Python overtakes R, becomes the leader in Data Science, Machine Learning platforms
Last KDnuggets Poll asked
Did you use R, Python (along with their packages), both, or other tools for Analytics, Data Science, Machine Learning work in 2016 and 2017?
Python did not quite “swallow” R, but the results, based on 954 voters, show that in 2017 Python ecosystem overtook R as the leading platform for Analytics, Data Science, Machine Learning.
While in 2016 Python was in 2nd place (“Mainly Python” had 34% share vs 42% for “Mainly R”), in 2017 Python had 41% vs 36% for R.
The share of KDnuggets readers who used both R and Python in significant ways also increased from 8.5% to 12% in 2017, while the share who mainly used other tools dropped from 16% to 11%.
Fig. 1: Share of Python, R, Both, or Other platforms usage for Analytics, Data Science, Machine Learning, 2016 vs 2017
Next, we examine the transitions between the different platforms.
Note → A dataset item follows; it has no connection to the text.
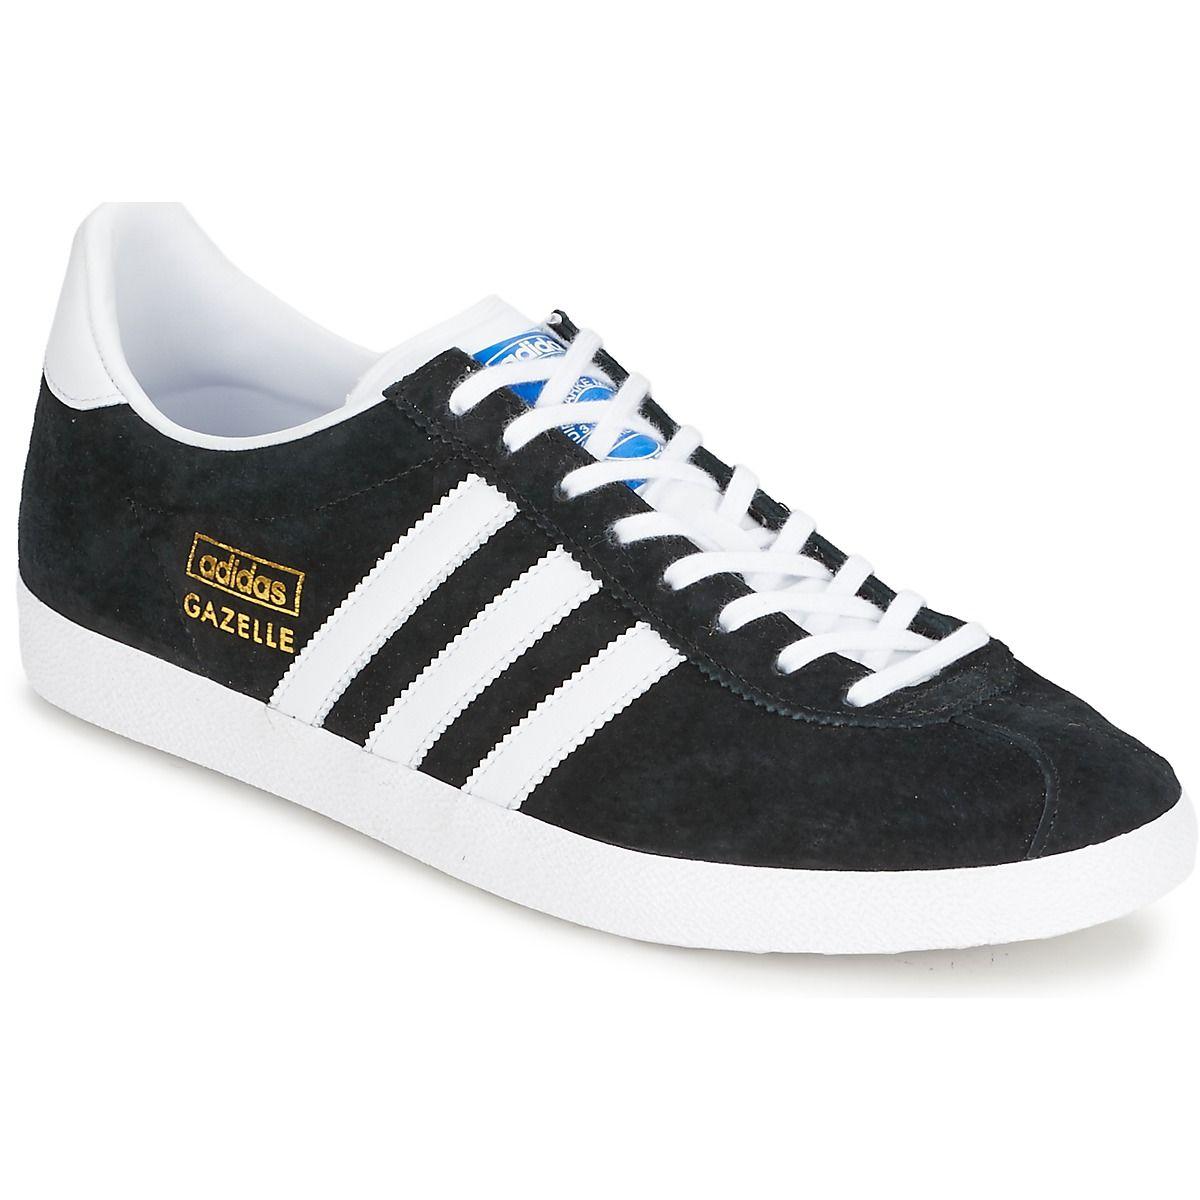 chaussure femme gazelle adidas
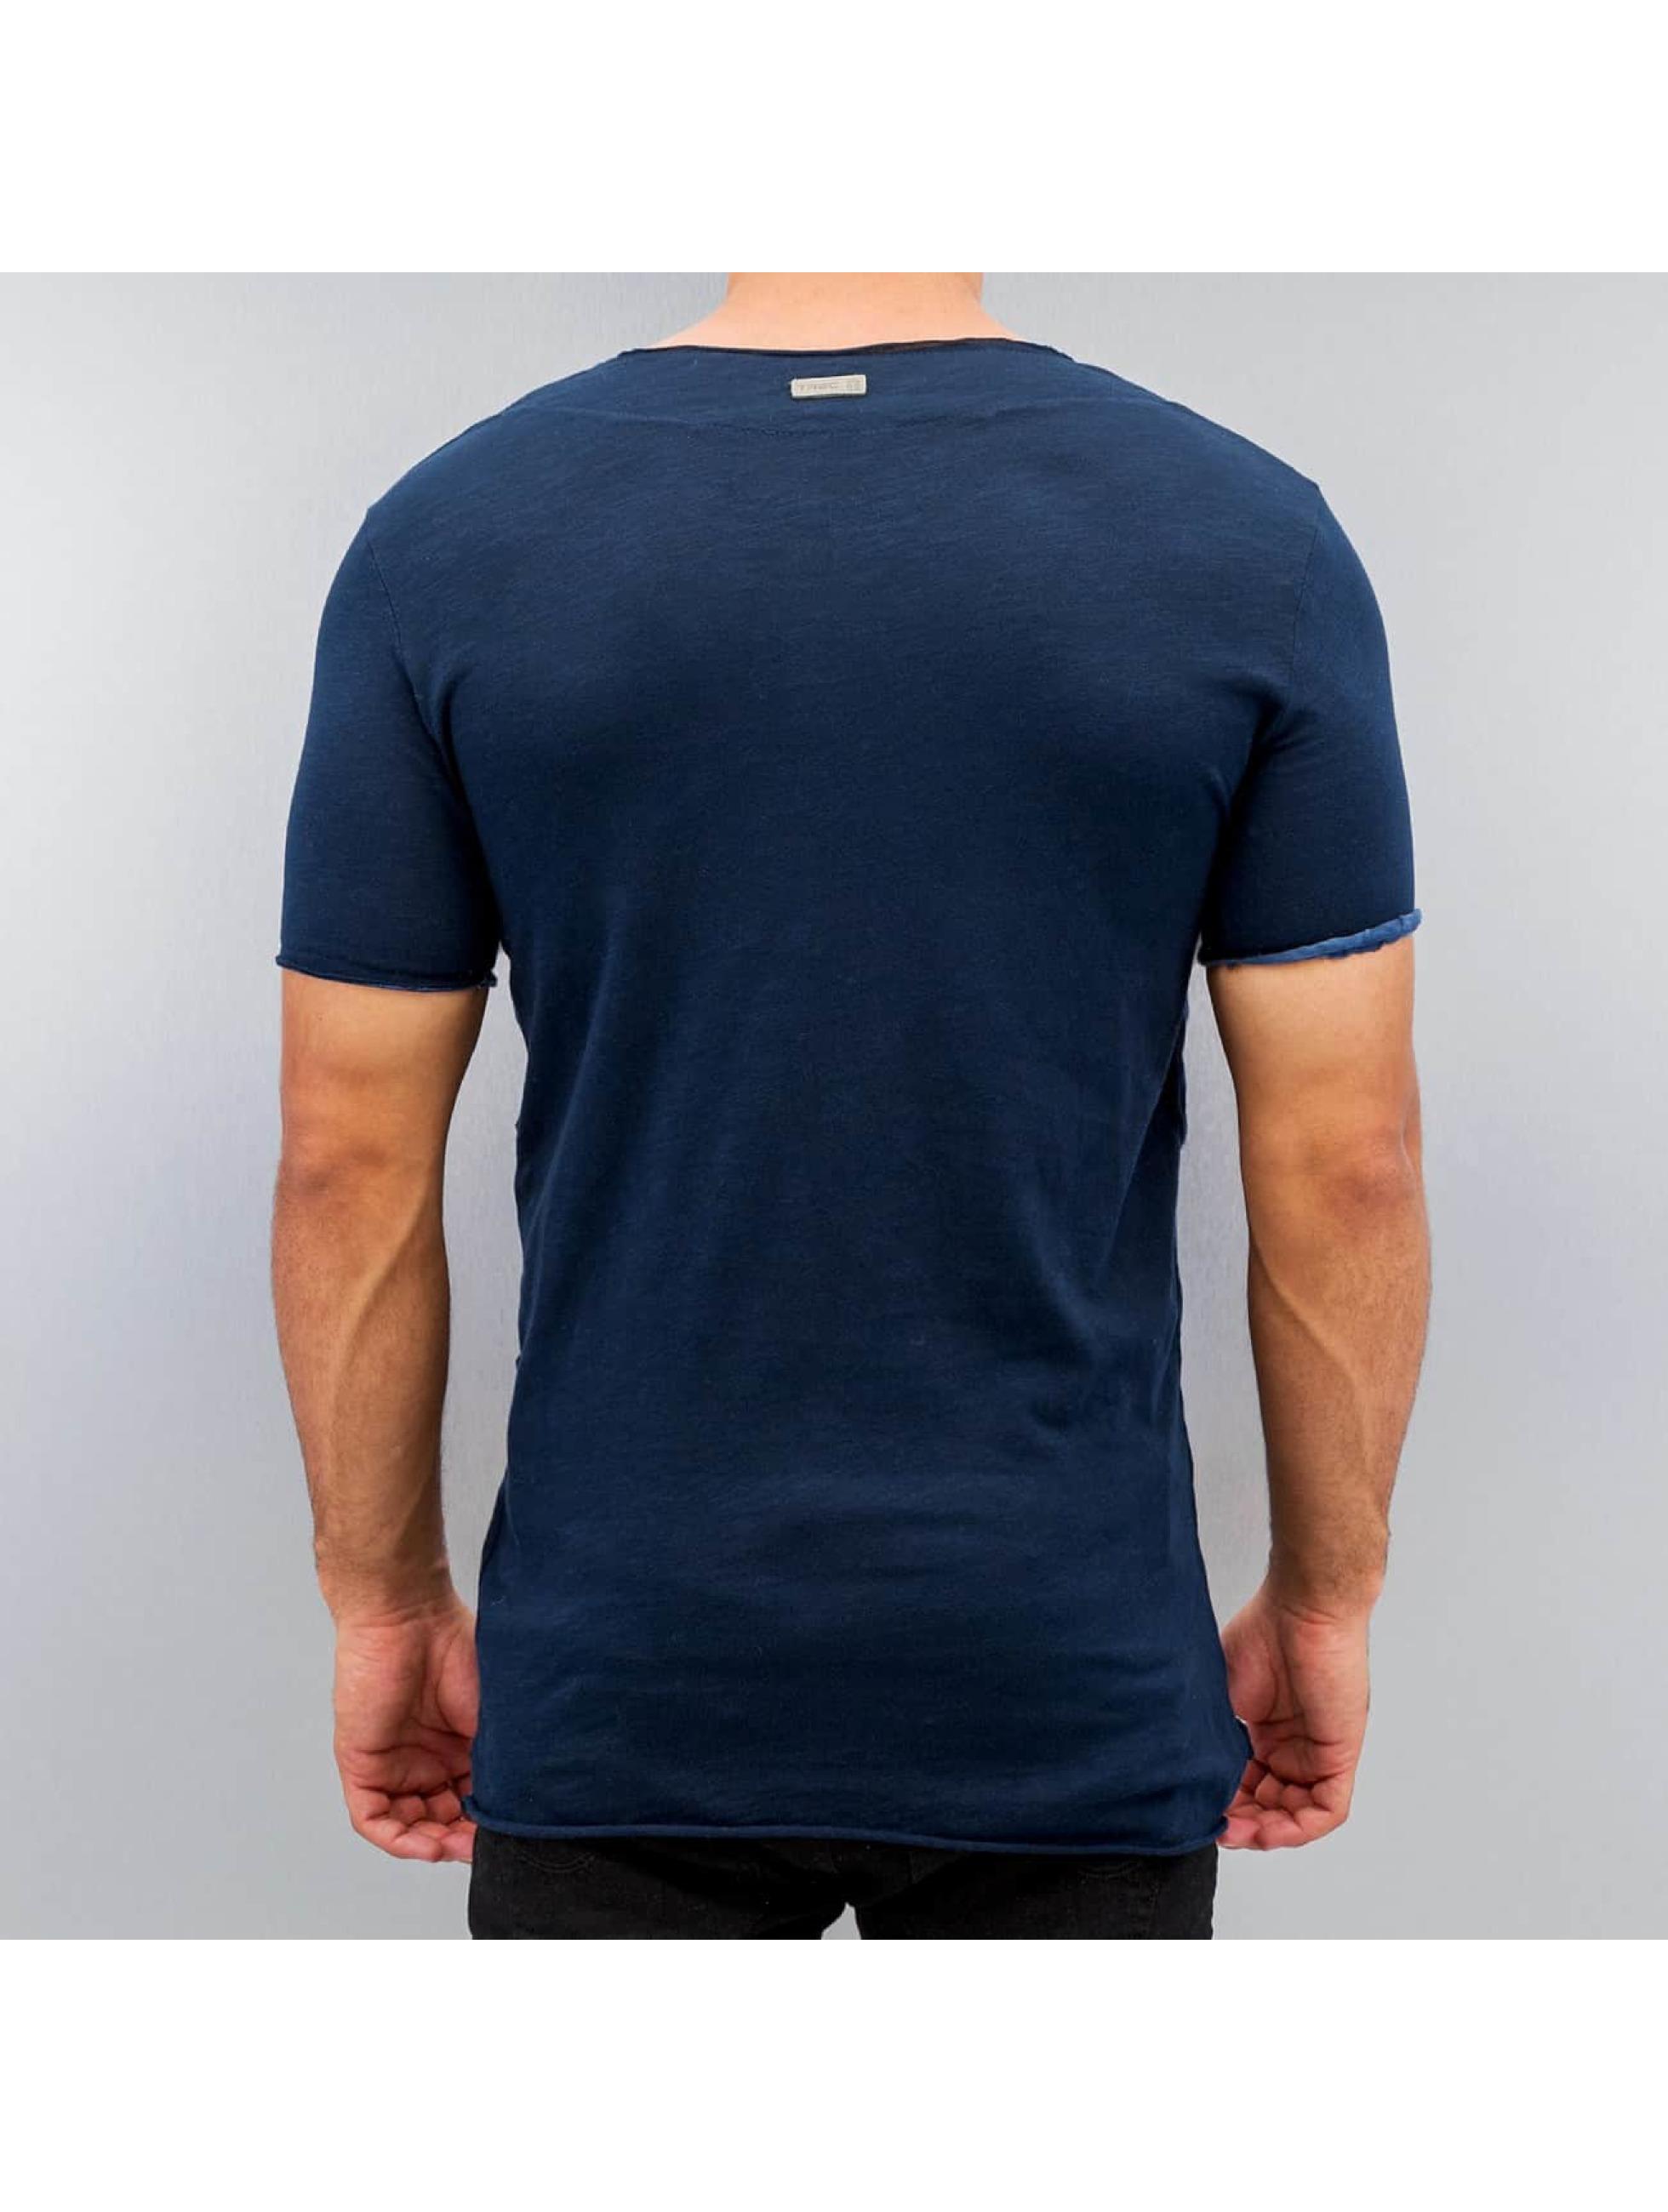 Red Bridge T-Shirt Destroyed Vintage blau

Fig. 2: Analytics, Data Science, Machine Learning Platforms
Transitions between R, Python, Both, and Other from 2016 to 2017
This chart looks complicated, but we see two key aspects, and Python wins on both:
- Loyalty: Python users are more loyal, with 91% of 2016 Python users staying with Python. Only 74% of R users stayed, and 60% of other platforms users did.
- Switching: Only 5% of Python users moved to R, while twice as many – 10% of R users moved to Python. Among those who used both in 2016, only 49% kept using both, 38% moved to Python, and 11% moved to R.
Net we look at trends across multiple years.
In our 2015 Poll on R vs Python we did not offer an option for “Both Python and R”, so to compare trends across 4 years, we replace the shares of Python and R in 2016 and 2017 by
Python* = (Python share) + 50% of (Both Python and R)
R* = (R share) + 50% of (Both Python and R)
We see that share of R usage is slowly declining (from about 50% in 2015 to 36% in 2017), while Python share is steadily growing – from 23% in 2014 to 47% in 2017. The share of other platforms is also steadily declining.
Fig. 3: Python vs R vs Other platforms for Analytics, Data Science, and Machine Learning, 2014-17
Finally, we look at trends and patterns by region. The regional participation was:
- US/Canada, 40%
- Europe, 35%
- Asia, 12.5%
- Latin America, 6.2%
- Africa/Middle East, 3.6%
- Australia/NZ, 3.1%
To simplify the chart we split “Both” votes among R and Python, as above, and also combine 4 regions with smaller participation of Asia, AU/NZ, Latin America, and Africa/Middle East into one “Rest” region.
Fig. 4: Python* vs R* vs Rest by Region, 2016 vs 2017
We observe the same pattern across all regions:
- increase in Python share, by 8-10%
- decline in R share, by about 2-4%
- decline in other platforms, by 5-7%
The future looks bright for Python users, but we expect that R and other platforms will retain some share in the foreseeable future because of their large embedded base.
Bill Winkler, computational speed, etc.
We are a SAS shop with ~30 new Ph.D.s and others who primarily use R. Some people are starting to work with Python because we are starting to move to a cloud-based environment. For working with national files using software based on rigorous theoretical models, we use very highly optimized C and FORTRAN routines. SAS, R, and even sometimes Python are 100+ times too slow.